The thing about Meeting People Is Easy is that while it follows a cohesive timeline, it doesn't even bother with a plot. Instead, the general atmosphere of the tour is the subject, focusing on the ennui of stardom and the band's eventual burnout, as well as lead singer Thom Yorke's gradual mental breakdown leading to the later creation of Kid A and Amnesiac. There's no real focus on the relationship between band members or their personal lives. In acheiving this goal, Gee used a direction style akin to the creation of a collage. Most footage falls into five main categories:
- Music writing,
- Live performances,
- Promo material, and
- Abstract things.
There's an abundance of 1-star ratings on Amazon from people who were expecting something informational to complement the numerous 5-star ratings from people who think this film is absolute genius. That being said, some scenes are truly insightful and emotional, the film itself is chock full of artistic merit, and if you're a hardcore Radiohead fan, this film is definitely worth a look.
The film also contains an early performance of a song then called "Big Ideas (Don't Get Any)", which a decade later would be released in a different arrangement as "Nude" on the band's 2007 album In Rainbows, as well as an early performance of Man of War (the lyrics to which are also printed on the back cover of both the VHS and DVD releases), which wouldn't see an official studio release until the OKNOTOK expanded reissue of OK Computer in 2017.
On a more trivial note, Meeting People is Easy was the first product released on the DVD format by EMI, with the US DVD being put out by EMI subsidiary Capitol Records in 1999 and the UK DVD by Parlophone Records in 2000 (Capitol and Parlophone were Radiohead's record labels in the US and UK, respectively).
Tropes exhibited by this film include:
- Completely Missing the Point: The talk show hostess who comments on "No Surprises" as "music to cut your wrists to".
- Creator Breakdown: Especially in hindsight, the film is more or less a real-time documentation of one happening in-universe.
- Deliberately Monochrome: Sometimes.
- Gratuitous French: Spoken by Colin early on in the film.
- Mood Whiplash: During a photo shoot in Japan, there is a moment where the camera focuses on Thom's face amidst the increasingly louder snaps of cameras. For a second, the sound cuts out, leaving the audience staring at Thom as though he is a caged animal... and then the rest of the band is shown during another photo shoot, looking considerably less angsty about having their pictures taken.
- Rockumentary: A very unconventional take on the genre, being more of a mood piece and psychological case study than a typical documentation of a band's history.
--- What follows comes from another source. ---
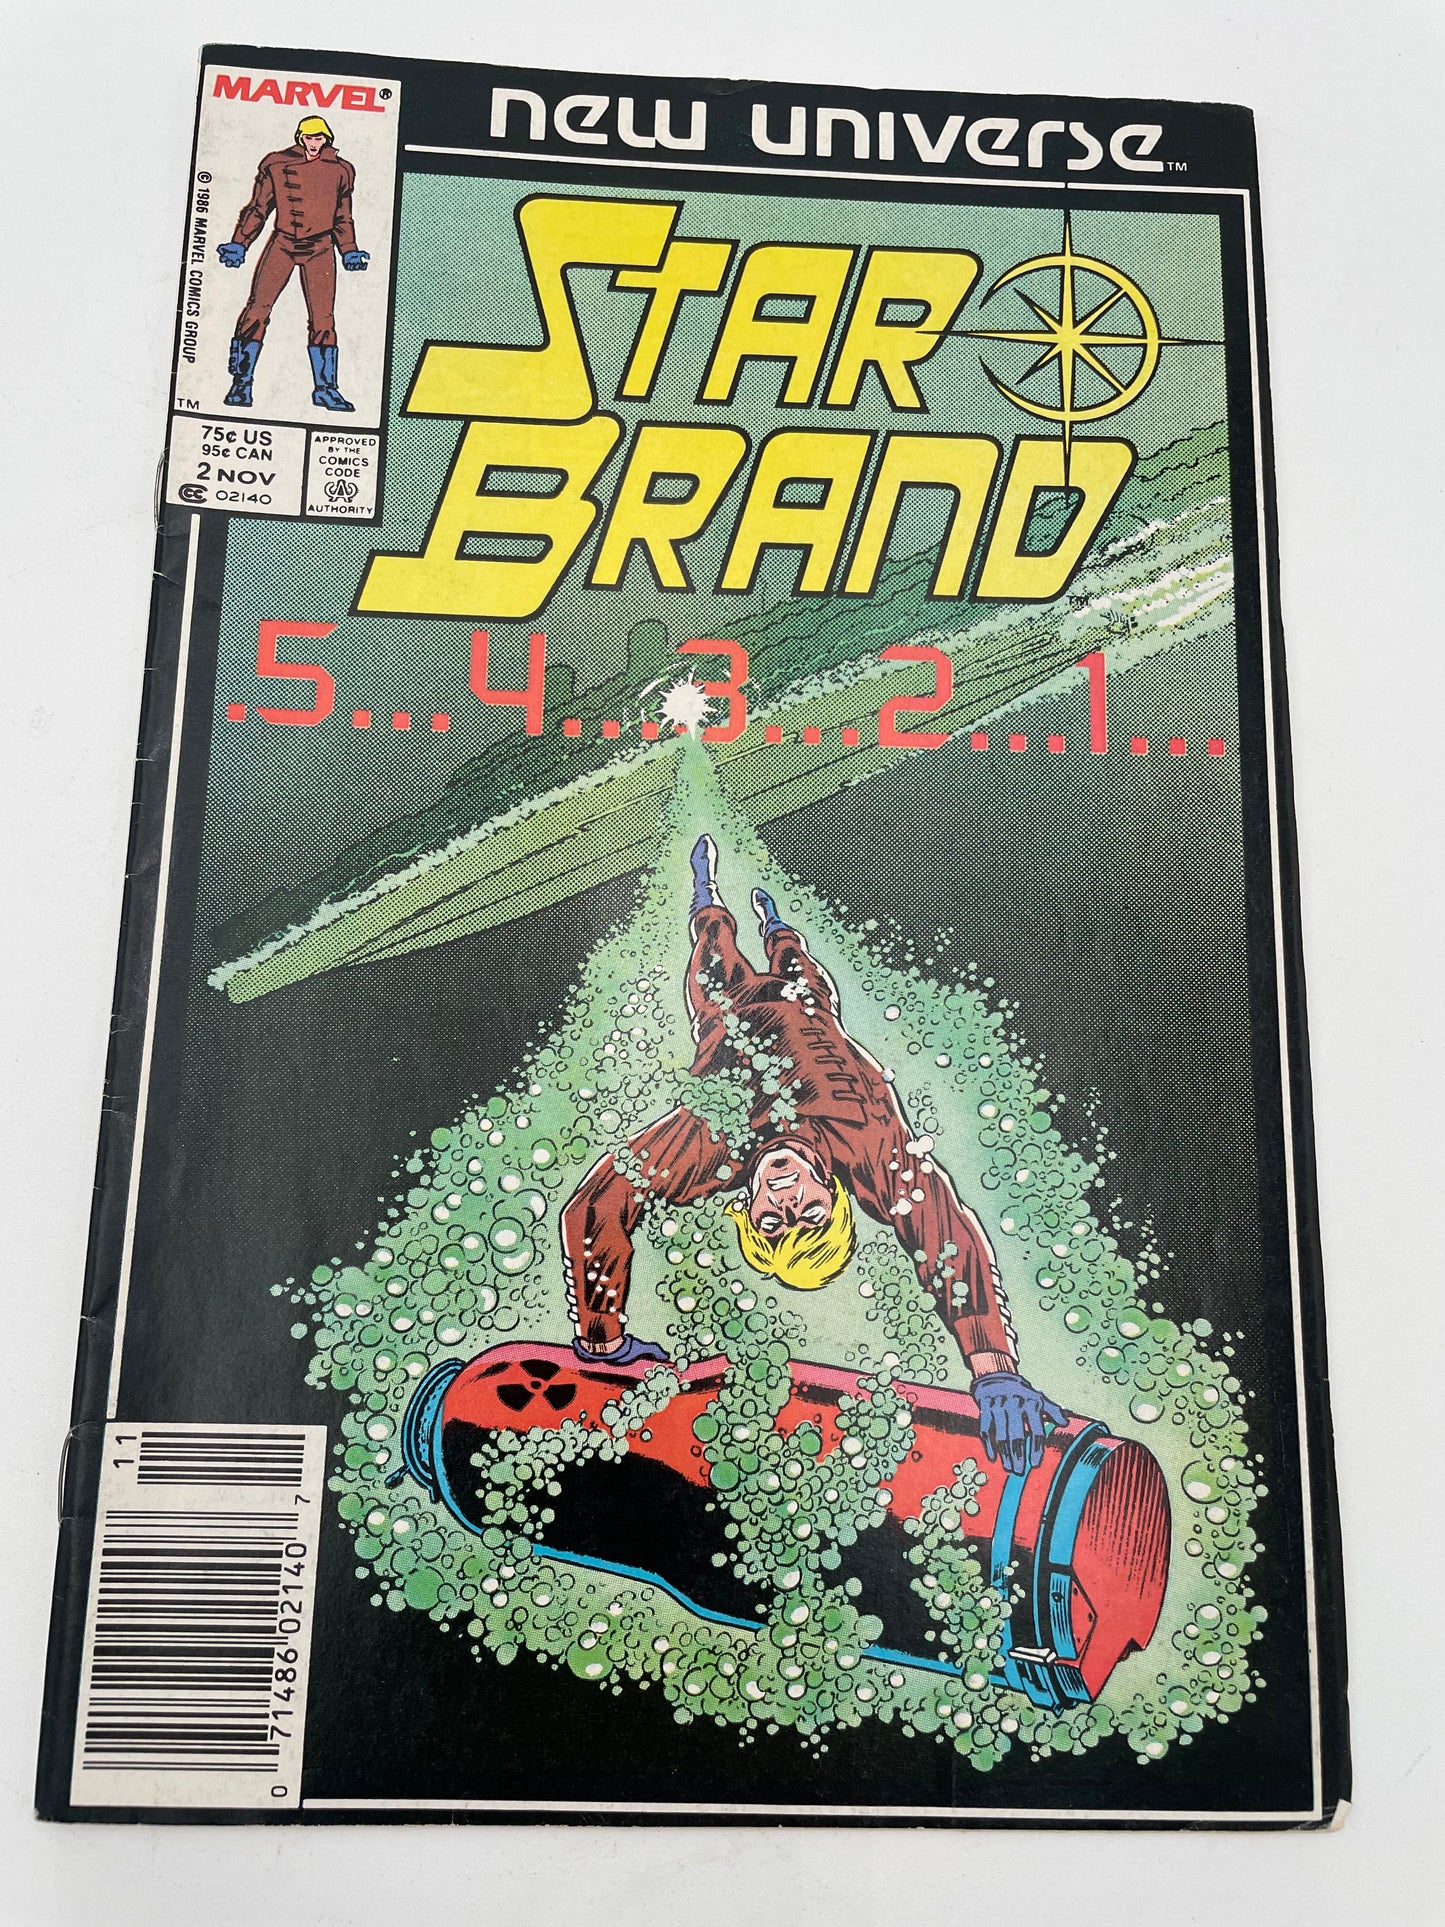 Marvel Comics - Star Brand #2 November 1986 #102297
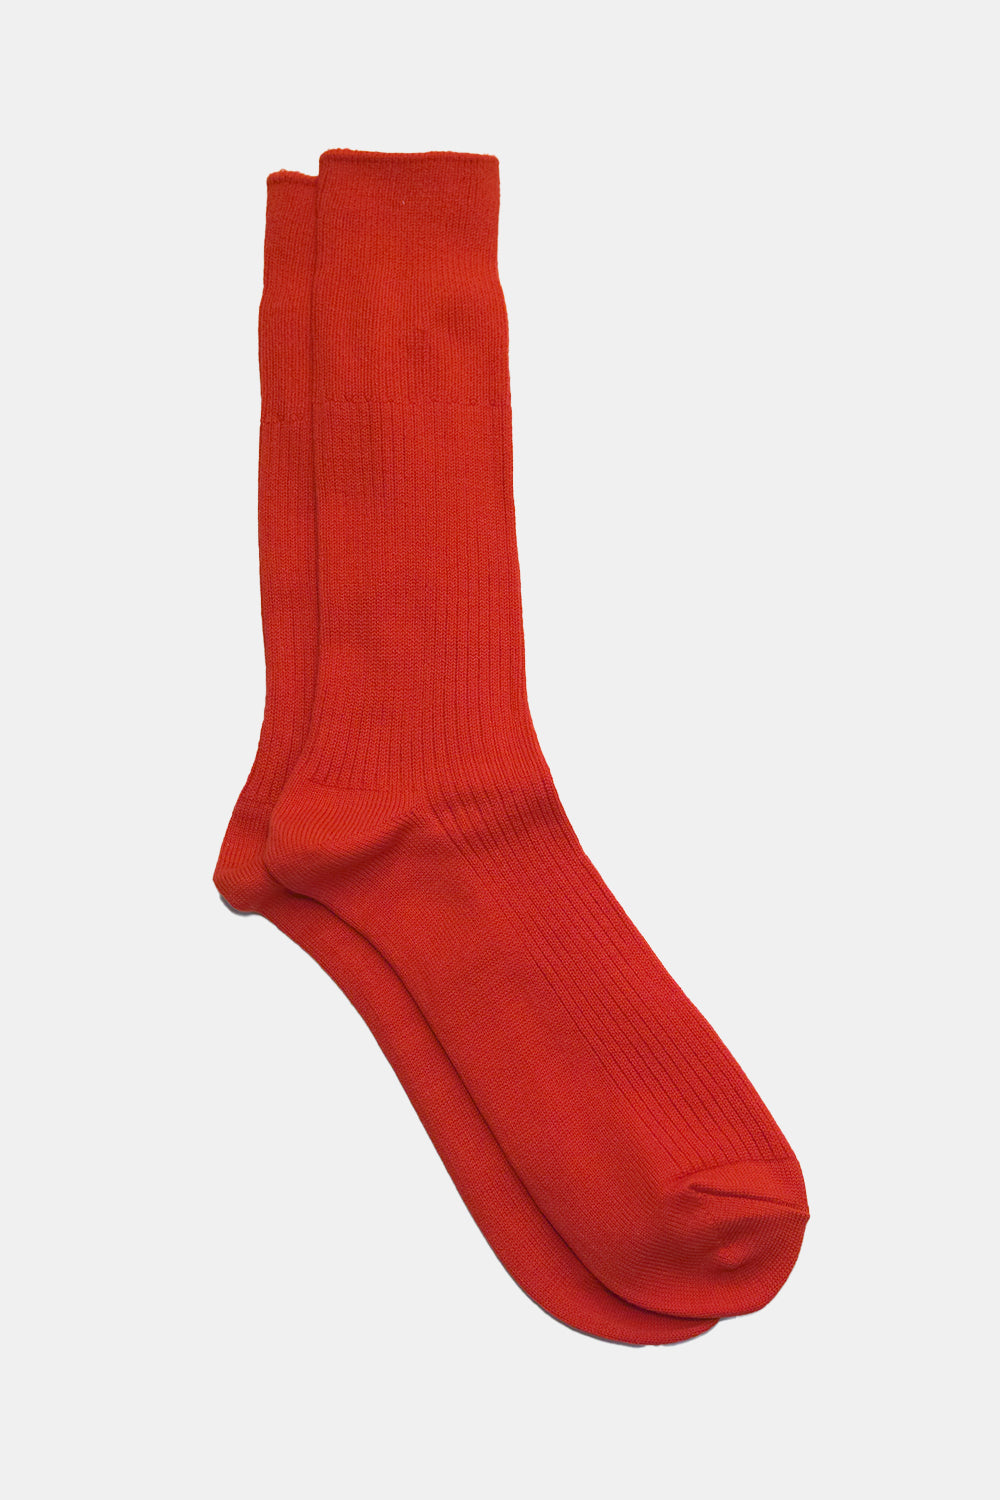 Anonymous Ism Brilliant Crew Socks (Red)

- Troubled Production: Happens in-universe; the video for "No Surprises" ends up taking multiple takes to do as a result of it requiring Thom to hold his breath underwater and resume lip-syncing exactly on cue, and the arduousness of the task ends up leaving him increasingly agitated.
- Wall of Text: The inner cover to the DVD release contains a fairly lengthy one, filled with an intentionally vapid motivational speech about coping with rejection, similar to the various faux slogans and motivational phrases found in the liner notes to OK Computer.If you have been rejected many times in your life, then one more rejection isn't going to make much difference. If you're rejected, don't automatically assume it's your fault. The other person may have several reasons for doing so: none of it may have anything to do with you. Perhaps the person is busy or not feeling well or genuinely not interested in spending time with you. Rejections are part of everyday life. Don't let them bother you. Keep reaching out to others. Keep reaching out to others. When you begin to receive positive responses, then you are on the right track. It's all a matter of numbers. Count the positive responses and forget about the rejections.